In the late eighties, as the GLC and ILEA were abolished and funding structures changed, HPA concentrated on persuading the council to maintain funding for existing play and child-care providers. As a result, the council committed to 1 million pounds worth of direct and grant-aid funding to projects in Hackney, securing over thirty holiday play schemes, seventeen school-based play centres, six adventure playgrounds and six other projects.
The next five years - Consolidating play provision
In the nineties, as HPA developed new projects once more, Play on Estates was set up as a mobile project working on four large estates, funded by the Urban Programme and specifically aimed at Turkish, Kurdish, Somali and Bengali and other refugee and displaced communities living in emergency or short-term housing on the estates, and helping them to integrate with the majority communities. Our research showed that the target communities were reluctant to use play facilities unless play workers from their cultures were employed, but we couldn"t recruit experienced play workers from these communities because of a lack of training and experience.
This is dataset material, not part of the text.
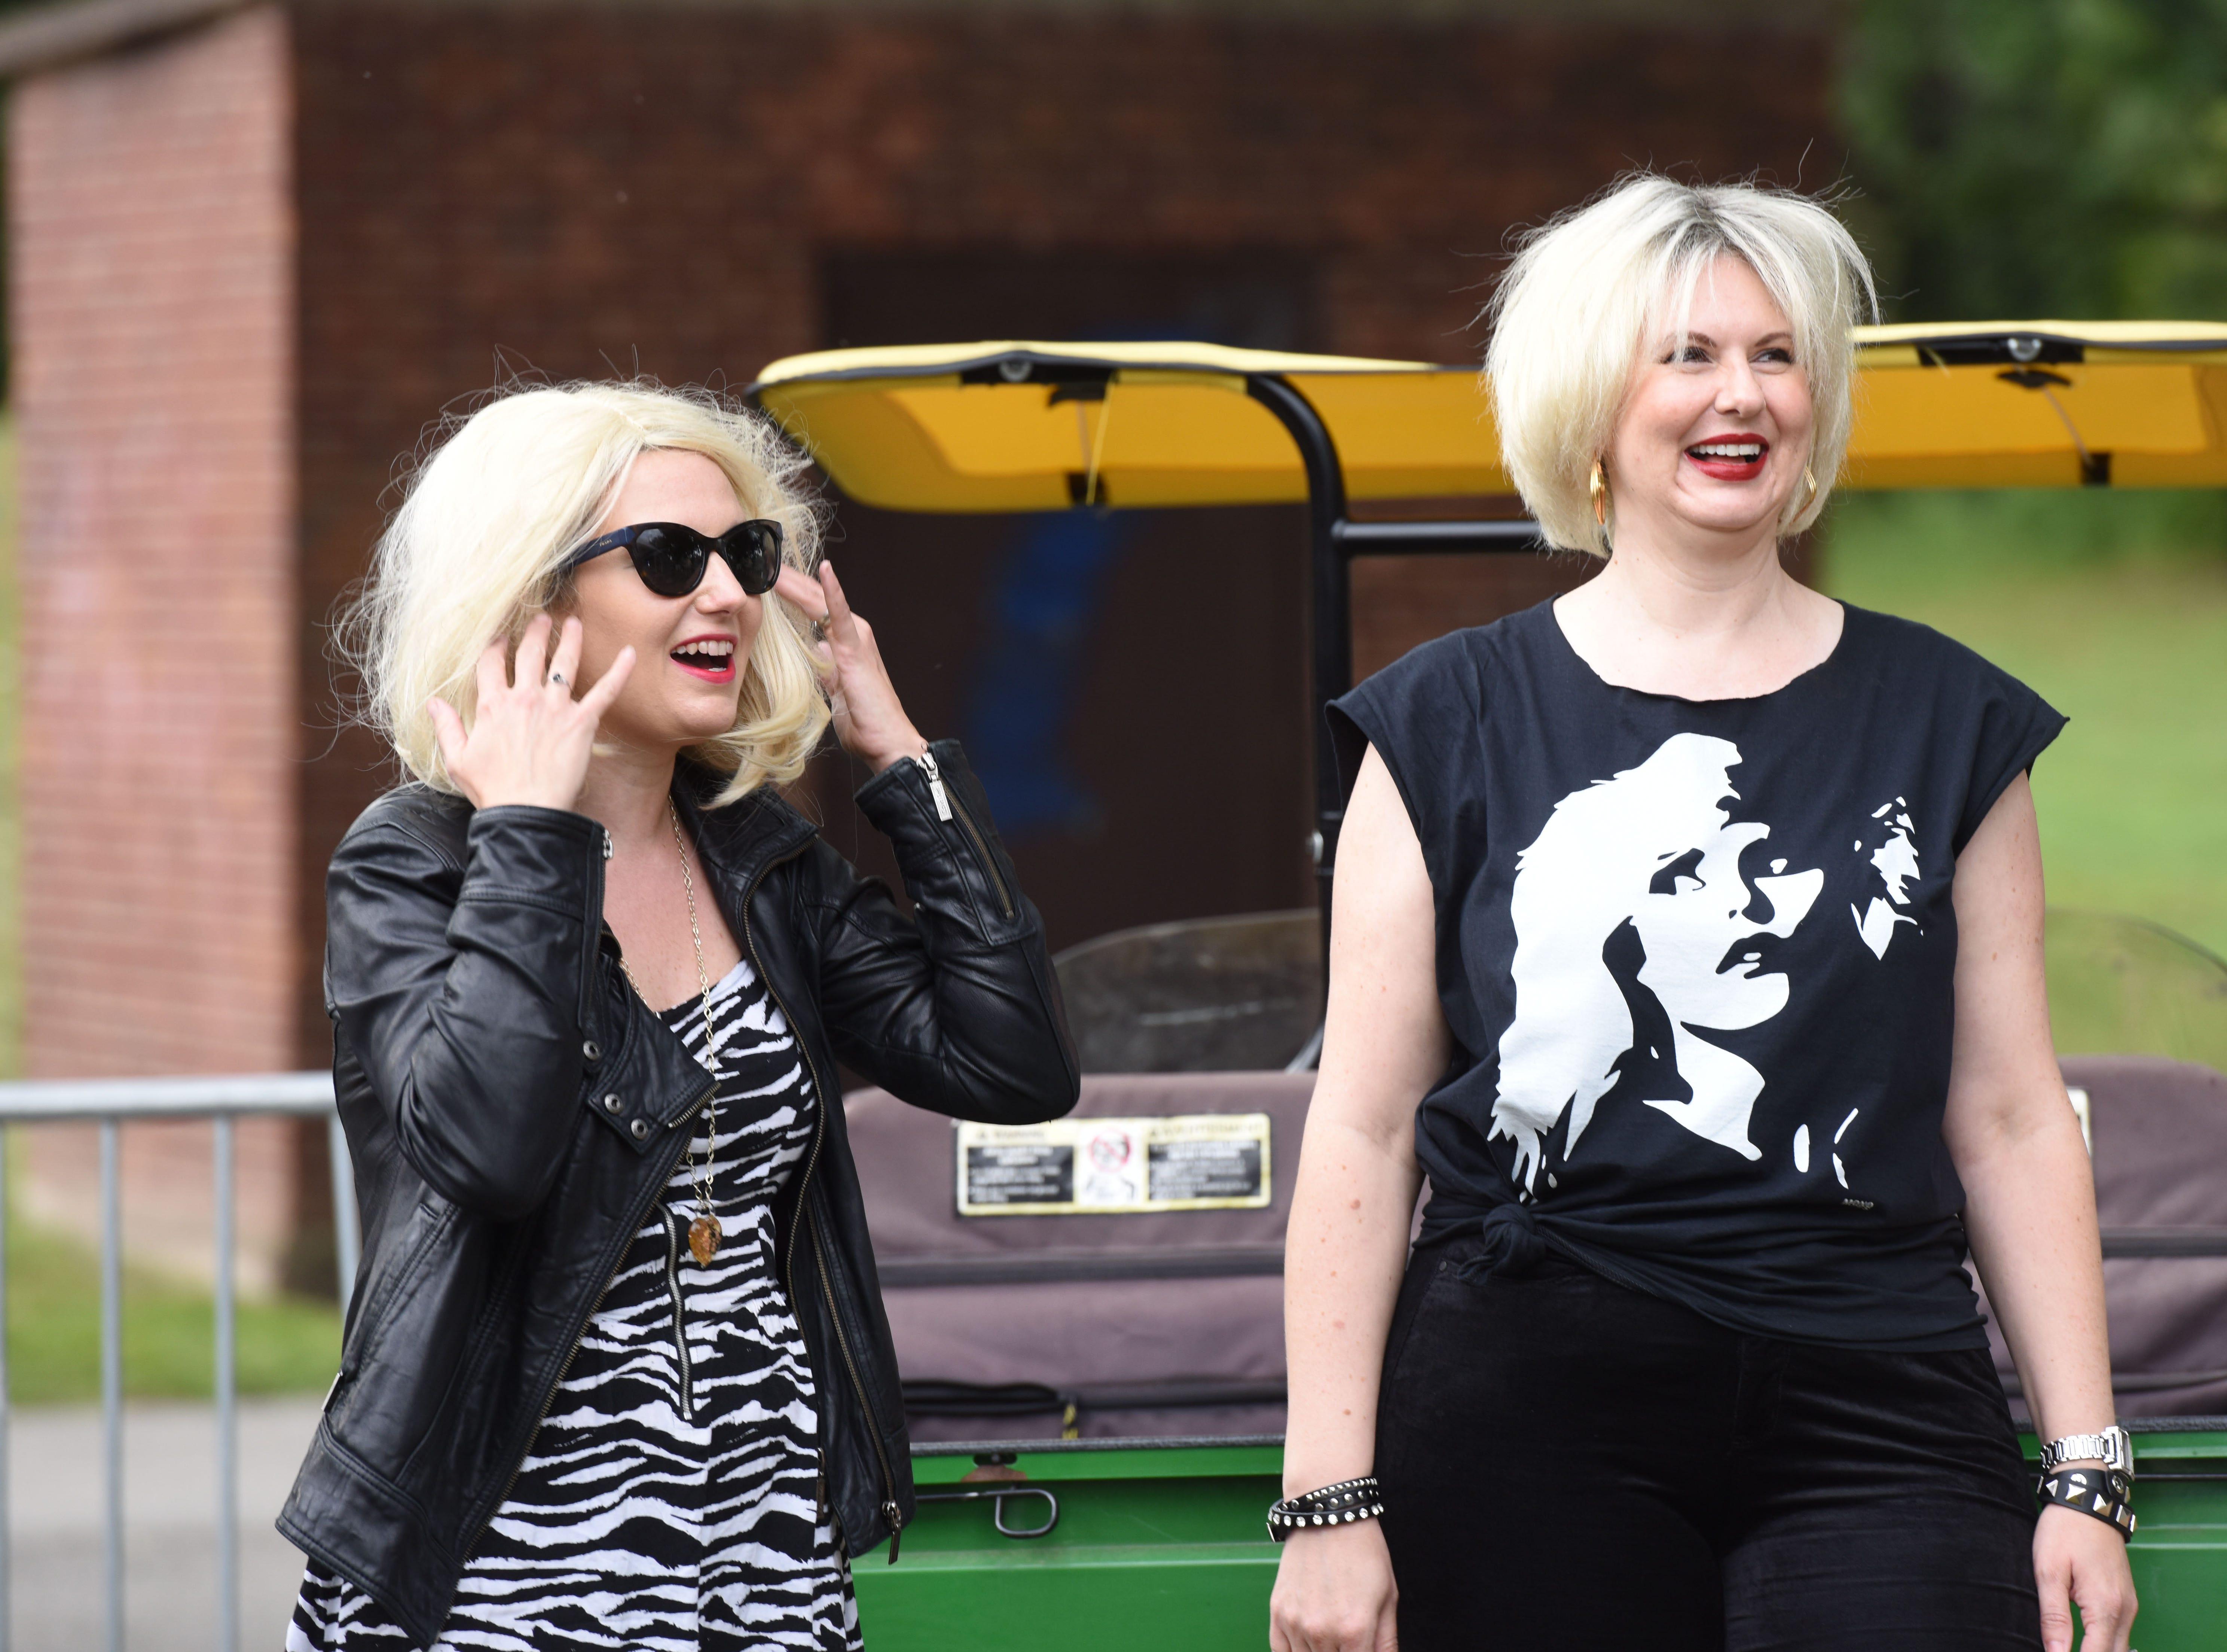 the two Blondie Lookalike contestants Adrienne Girard and Amber MackeyHawthorne Day -Blondie Lookalike

We responded by setting up a three-year New Communities Training Project, funded by BT in the Community and a variety of other funders, to provide year-long full-time training courses linked to the newly developed NVQ in Play & Play work, with substantial placements on existing play projects. Our monitoring of the placements showed that there was a need for in-service training for existing play workers, and for infrastructure support to improve the physical environment in many play sites.
Again, monitoring revealed a wider need for in-service training in play work practice and additionally for infrastructure support, to improve physical play-site environments. As a result, in 1996, HPA set up in-service training to NVQ Levels 2 & 3 in Play and Play work alongside associated training, such as Health and Safety, First Aid, Child Protection and Design & Build.
In the late nineties, as HPA"s Training Unit forged ahead in service delivery and development, HPA continued to campaign and lobby for play provision and improved standards, both in the borough, across London and the UK. After the Torkildsen Report of 1996, HPA became a lead member on a steering group created to support out-of-school play services for children across London. The result was the establishment of London Play, which works today to co-ordinate support and assist in the development of play across the capital.
The "missing link" in play provision in London and elsewhere in the late nineties was the concept of quality standards. In 1998 we began work on creating the country"s first play-specific quality assurance system, and in early 2000 Focus Central London TEC funded London Play, who in turn contracted HPA to develop the system through a series of pilot workshops and seminars across six London boroughs. Quality in Play has now been published by London Play with a preface by Chris Smith MP, Secretary of State for Culture Media and Sport, and will be part of the Investors in Children quality benchmarking programme recently announced by the Prime Minister.
In 2000/2001 we took a look at ourselves as an organisation to see whether we were practising what we preached, and as a first step we started the process of achieving Investors in People status through a programme funded by Focus Central London TEC and now by the successor East London Learning and Skills Council.
In August 2002 Hackney entered into a ten year contract with the Learning Trust, where the Early Years and Play Service are. HPA works closely with the section to improve not only the quality of Play Provision within the borough, but to ensure that training is available to staff of the Trust.
Partnerships are being forged at the moment with the onset of the new Children Act 2004 - "Every Child Matters".